▶ [WHAT YOU WILL DO]:
Your reply is to be the lines below, exactly as written, with images omitted.

▶ [DATASET EXCERPT]:
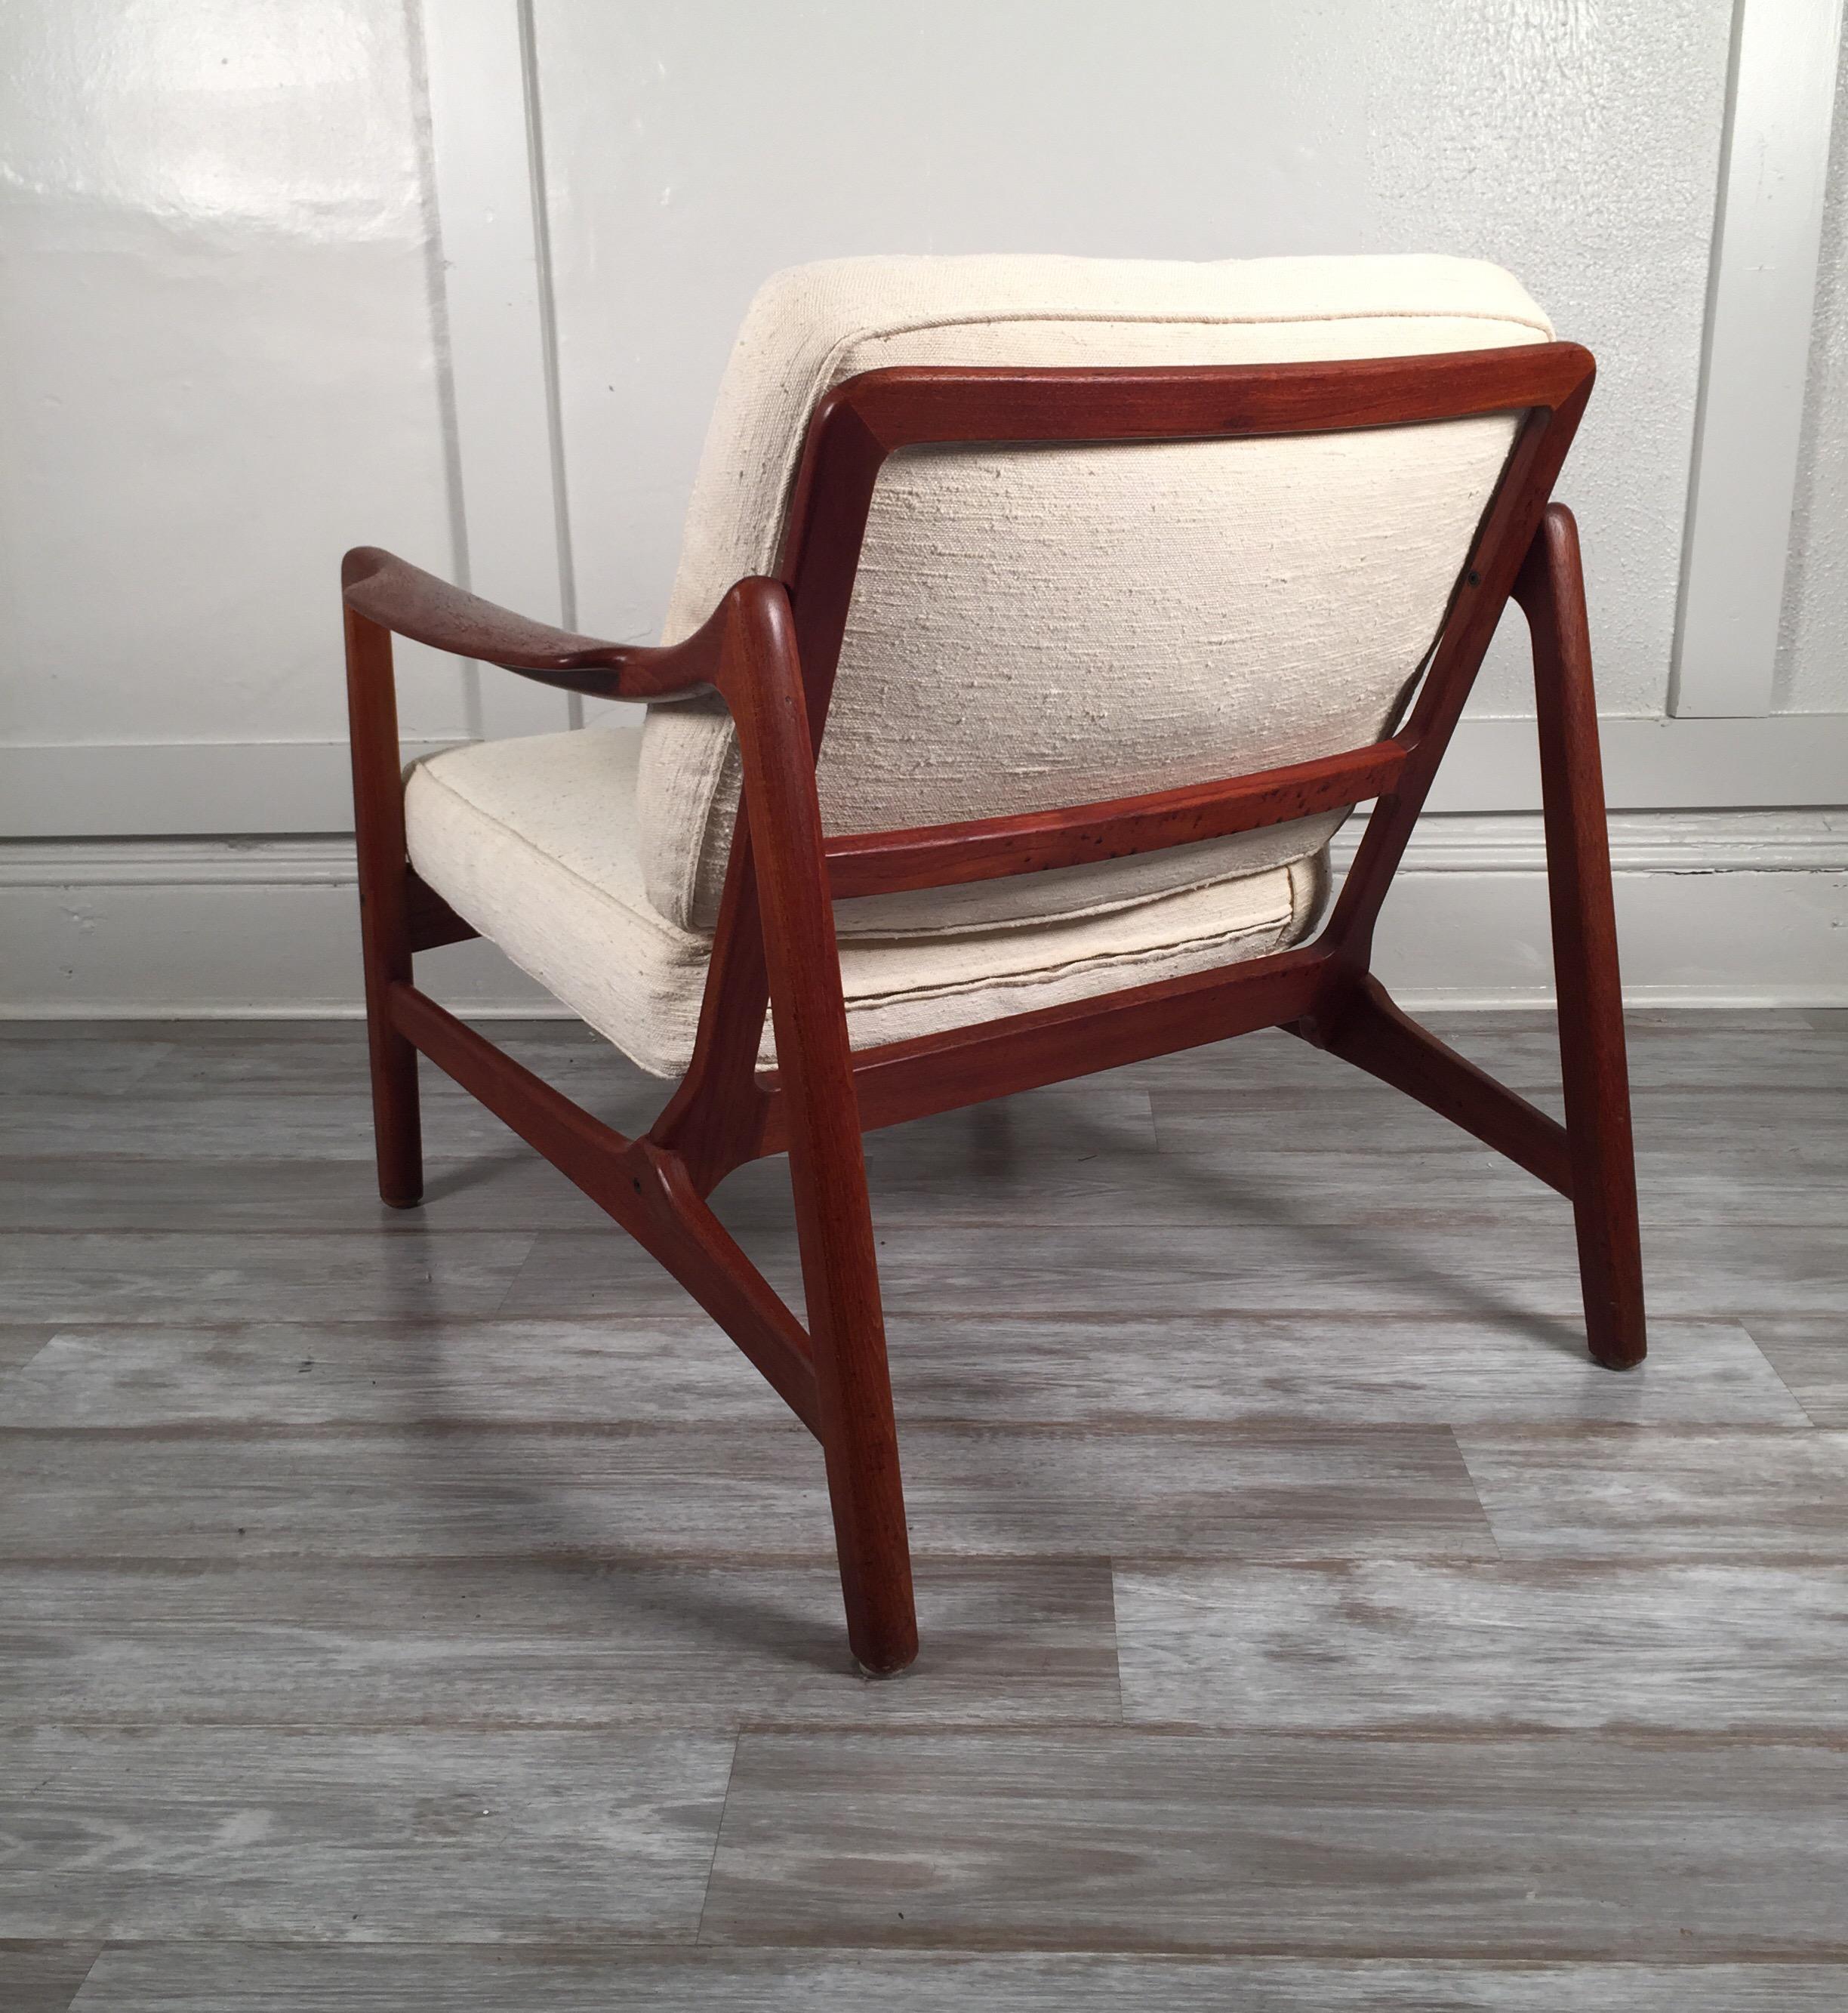 Danish Lounge Chair by Tove and Edvard Kindt-Larsen
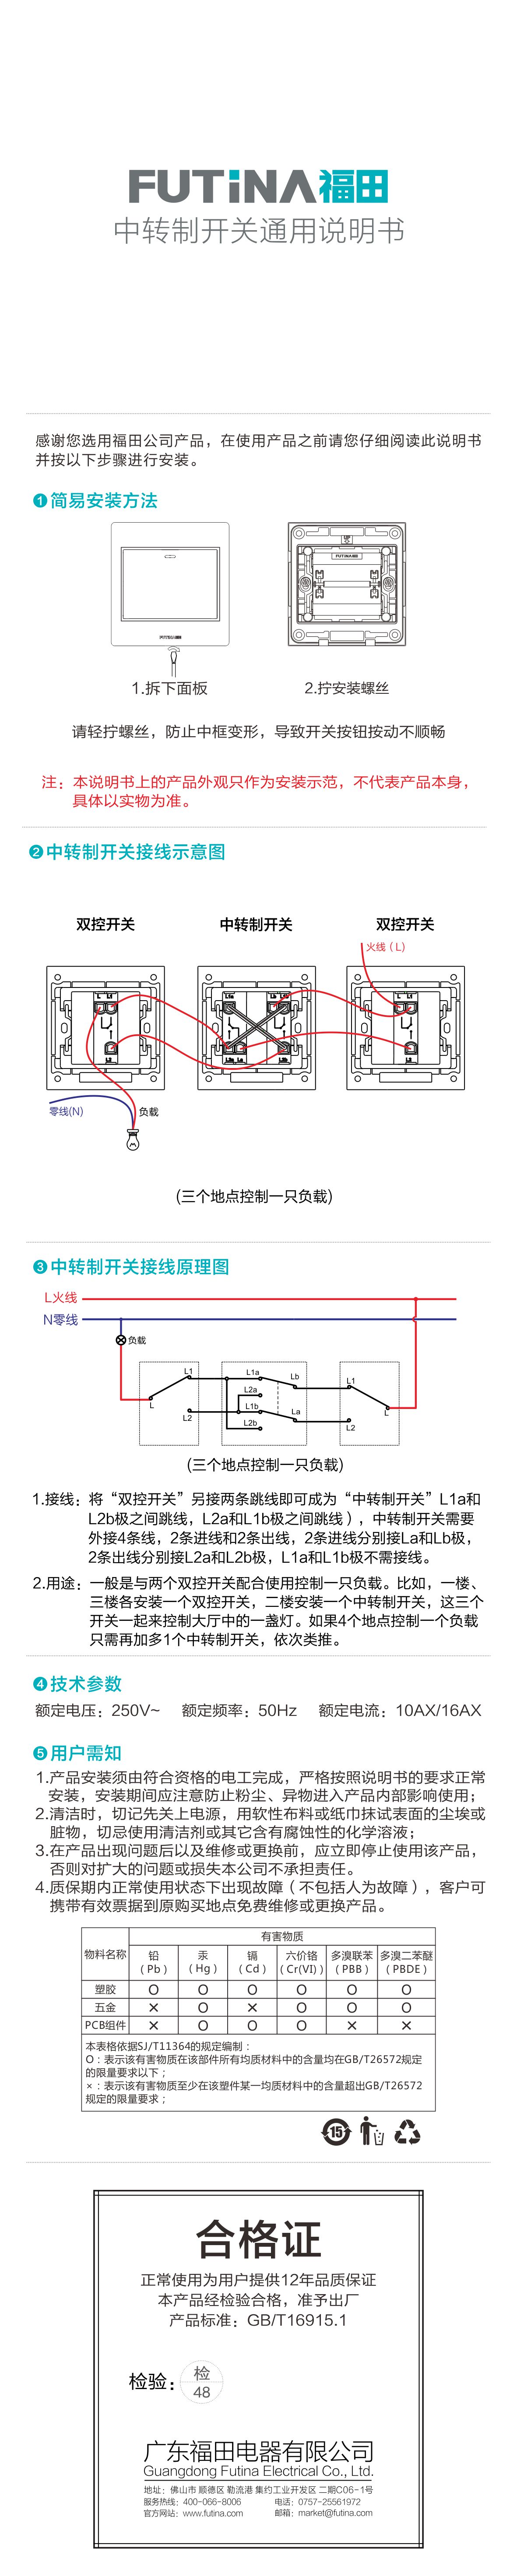 General manual of transfer system switch
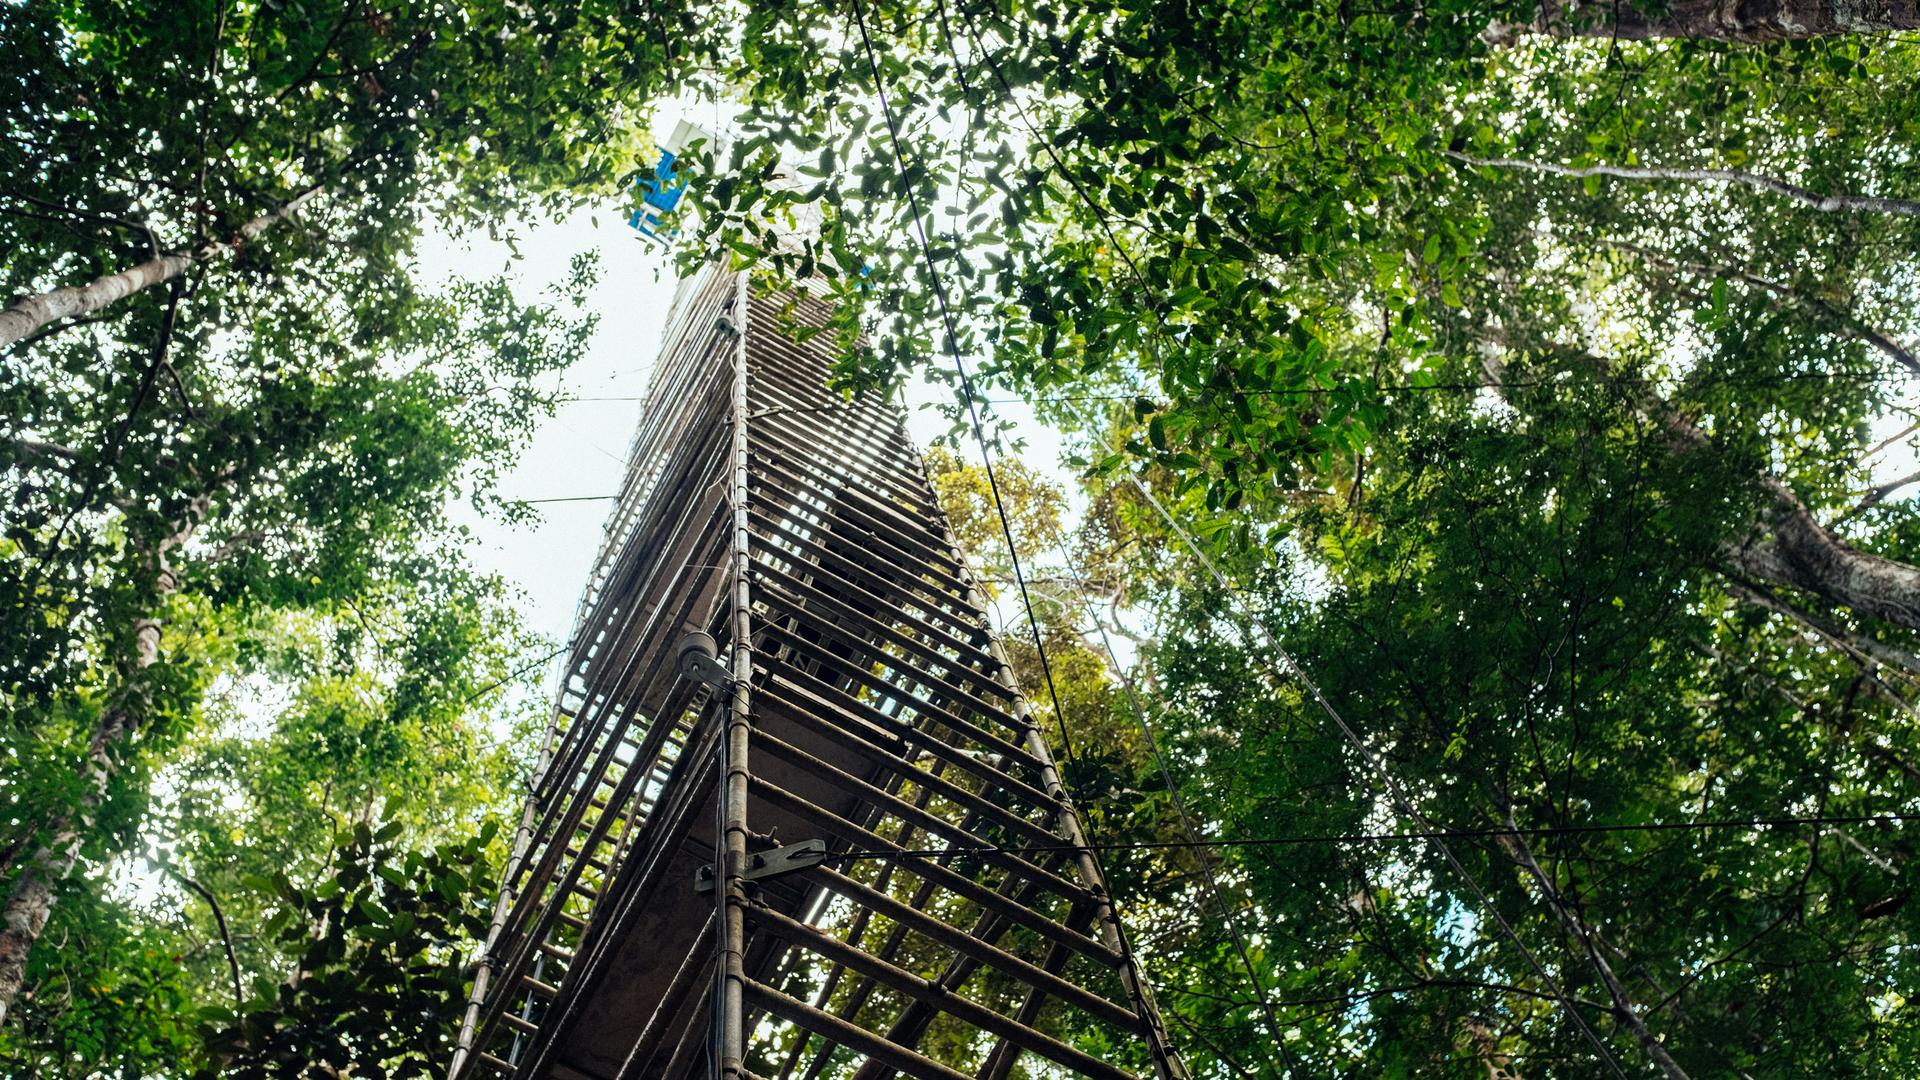 A tower of steel rises out of the dense jungle into the sky
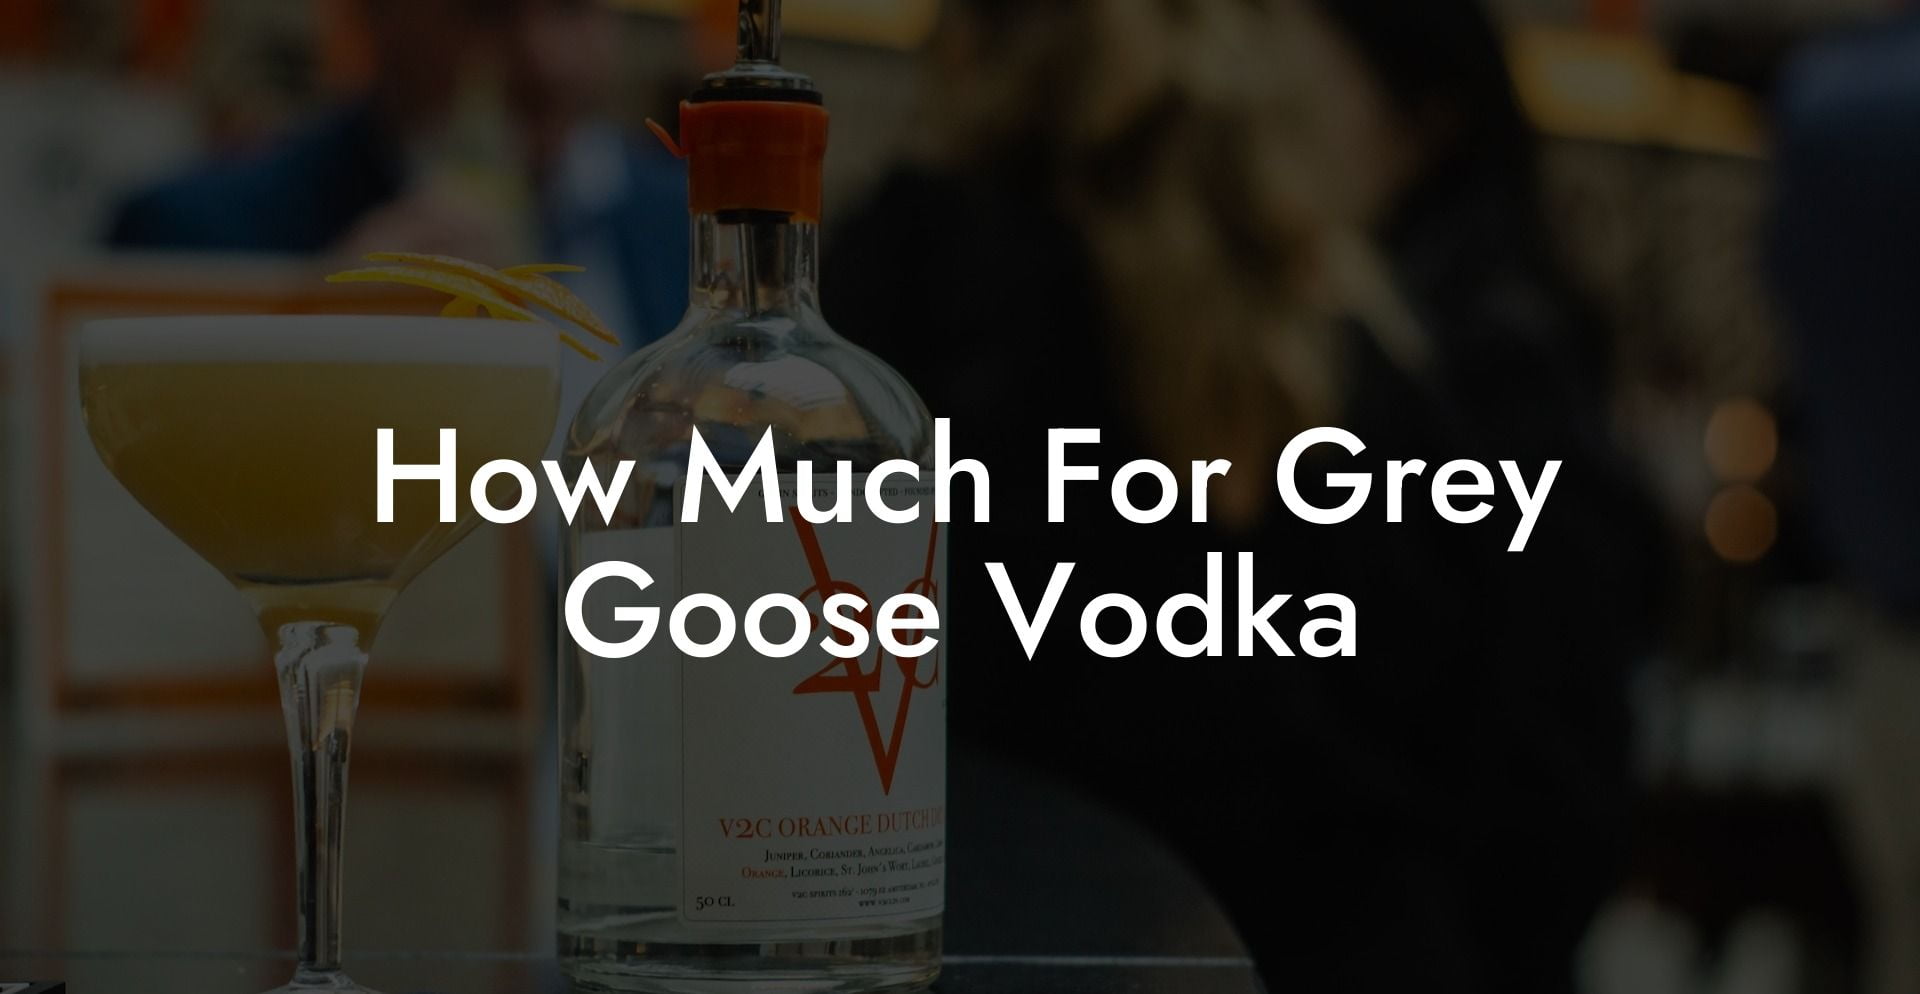 How Much For Grey Goose Vodka

▶ [OUTPUT BELOW]:
 Danish Lounge Chair by Tove and Edvard Kindt-Larsen
 General manual of transfer system switch
 A tower of steel rises out of the dense jungle into the sky
 How Much For Grey Goose Vodka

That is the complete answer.